To ensure prompt review, the ICA sets certain time limits for the Director and the Minister. Within 45 days after a completed application has been received, the Minister must notify the acquiror that he is satisfied that the investment is likely to be of net benefit to Canada, or that he is unable to complete his review, in which case he shall have 30 additional days to complete his review (unless the acquiror agrees to a longer period), or he is not satisfied that the investment is likely to be of net benefit to Canada.

   

Where the Minister has advised the acquiror that he is not satisfied that the investment is likely to be of net benefit to Canada, the acquiror has the right to make representations and submit undertakings within 30 days of the date of the notice (or any other further period that is agreed upon between the acquiror and the Minister).
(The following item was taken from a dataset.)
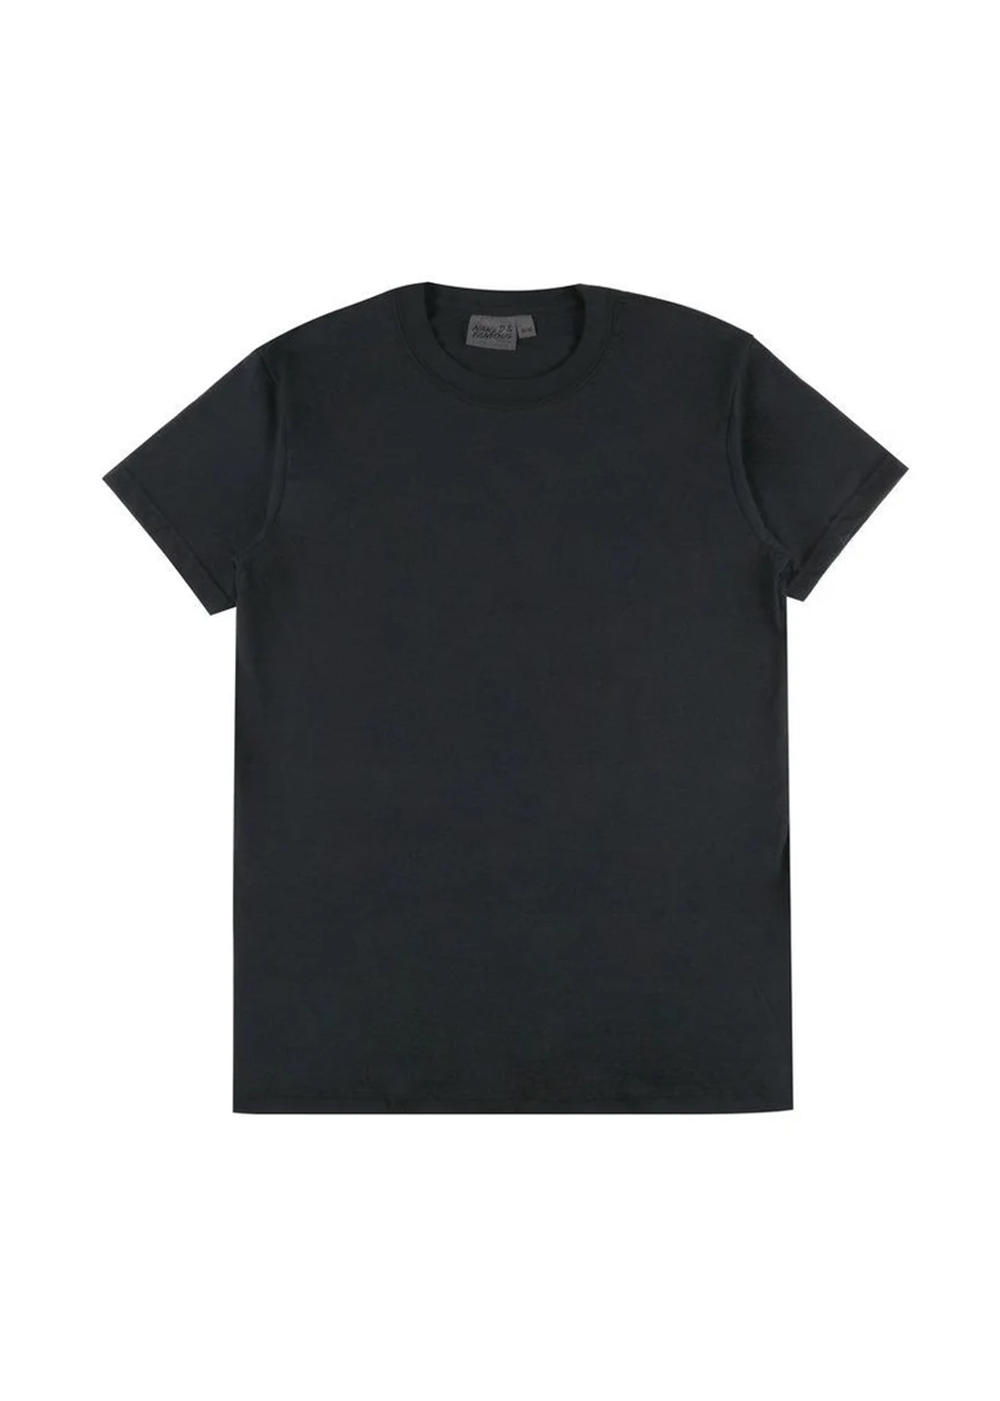 Circular Knit T-Shirt - Black - Naked and Famous Denim Canada - Danali
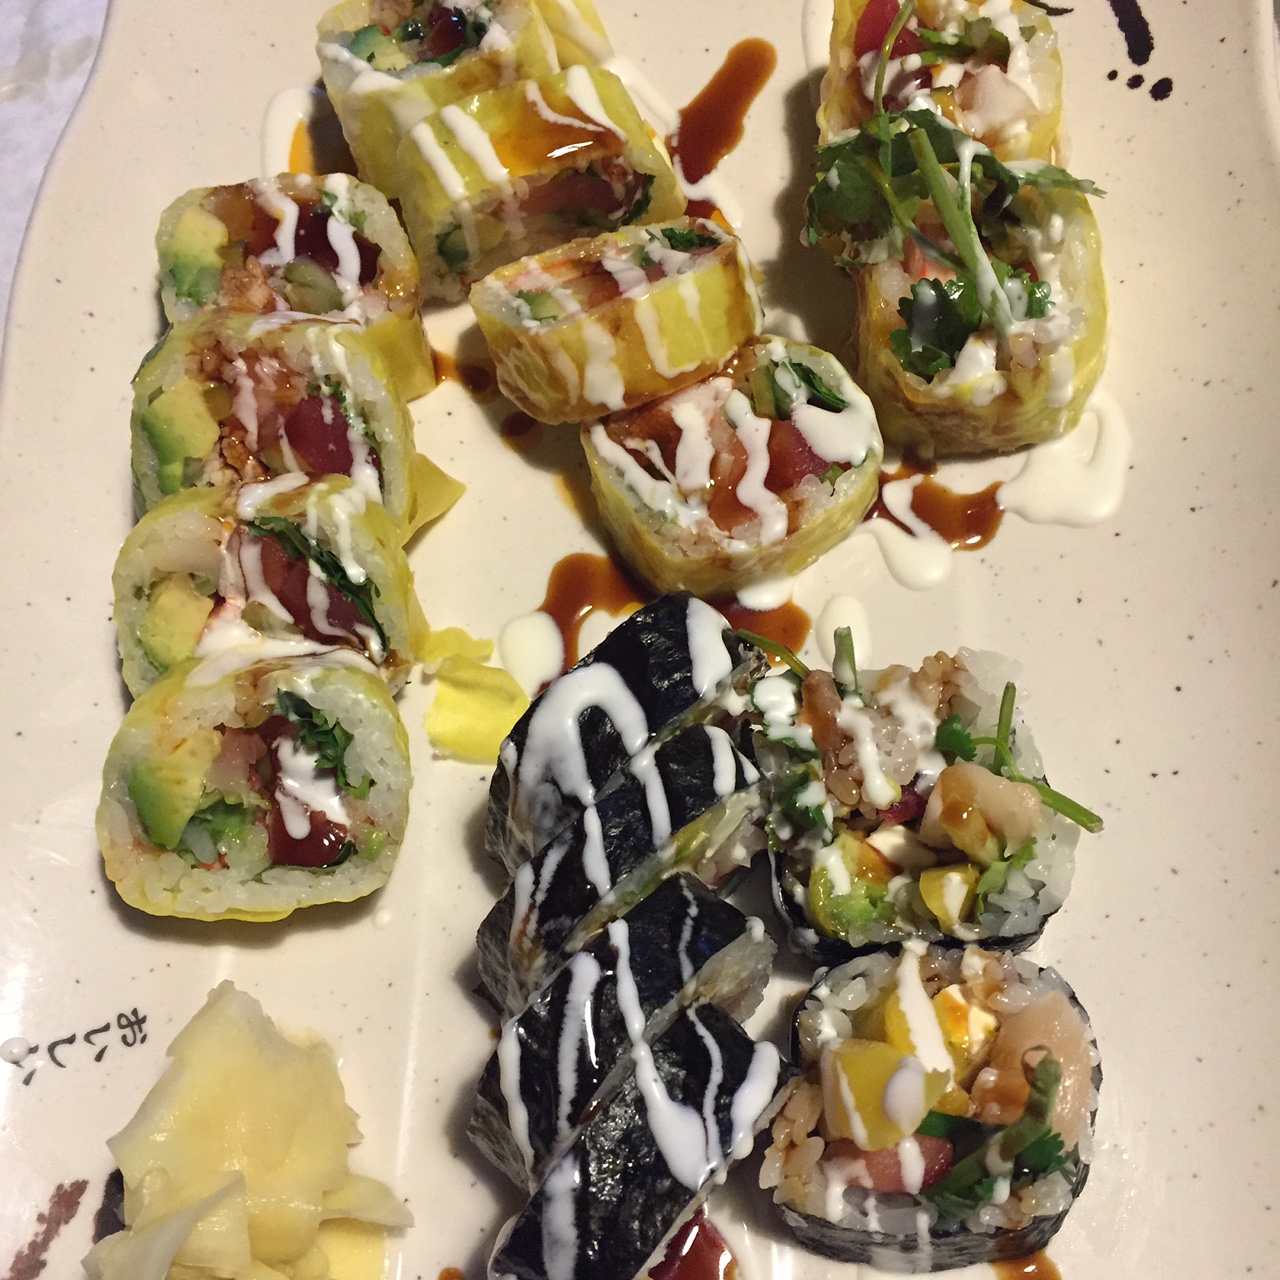 Hakuya Sushi Restaurant Review (Buffalo Grove IL, Chicago Suburbs)

On the expiration of the 30-day period (or the agreed extension), the Minister must quickly notify the acquiror that he is now satisfied that the investment is likely to be of net benefit to Canada or that he is not satisfied that the investment is likely to be of net benefit to Canada. In the latter case, the acquiror may not proceed with the investment or, if the investment has already been consummated, must divest itself of control of the Canadian business.

   

The ICA provides civil remedies for non-compliance with any provision. There are also criminal penalties for breach of confidentiality or providing false information.

   

Except as provided in the ICA, there are no limitations under the laws of Canada, the Province of BC or in any constituent documents of the Company on the right of non-Canadians to hold or vote the common shares of the Company.

   
(10)

Provisions of Company’s articles, charter or by-laws that have the effect of delaying, deferring or preventing a change in control of the Company and that would operate only with respect to a merger, acquisition, or corporate restructuring involving the Company:

   

None

32



(11)

Conditions imposed by the Company’s Articles or By-laws that are more stringent than required by law.

   

None

C. Material Contracts

(a)

Property Option Agreement dated October 15, 2004 between the Company and Paul S. Reynolds regarding the Company’s option to acquire the Tam Property, Lac La Hache Area, Clinton Mining Division, British Columbia, as amended by amending agreement dated effective October 15, 2005.

   
(b)

Agency Agreement dated June 15, 2005 between the Company and Golden Capital Securities Ltd.

   
(c)

Escrow Agreement dated April 14, 2005 among Darryl Cardey, Michael Moore, Mark T. Brown, Jeffrey Lightfoot, the Company and Pacific Corporate Trust Company as Escrow Agent.

   
(d)

Registrar and Transfer Agency Agreement dated January 15, 2005 between the Company and Pacific Corporate Trust Company.

D. Exchange Controls

There is no law or governmental decree or regulation in Canada that restricts the export or import of capital, or affects the remittance of dividends, interest or other payments to a non-resident holder of Common Shares, other than withholding tax requirements. See “Item 10(E) – Taxation.”

There is no limitation imposed by Canadian law or by the constituent documents of the Company on the right of a non-resident to hold or vote Common Shares, other than are provided in the Investment Canada Act (Canada). The following summarizes the principal features of the Investment Canada Act (Canada).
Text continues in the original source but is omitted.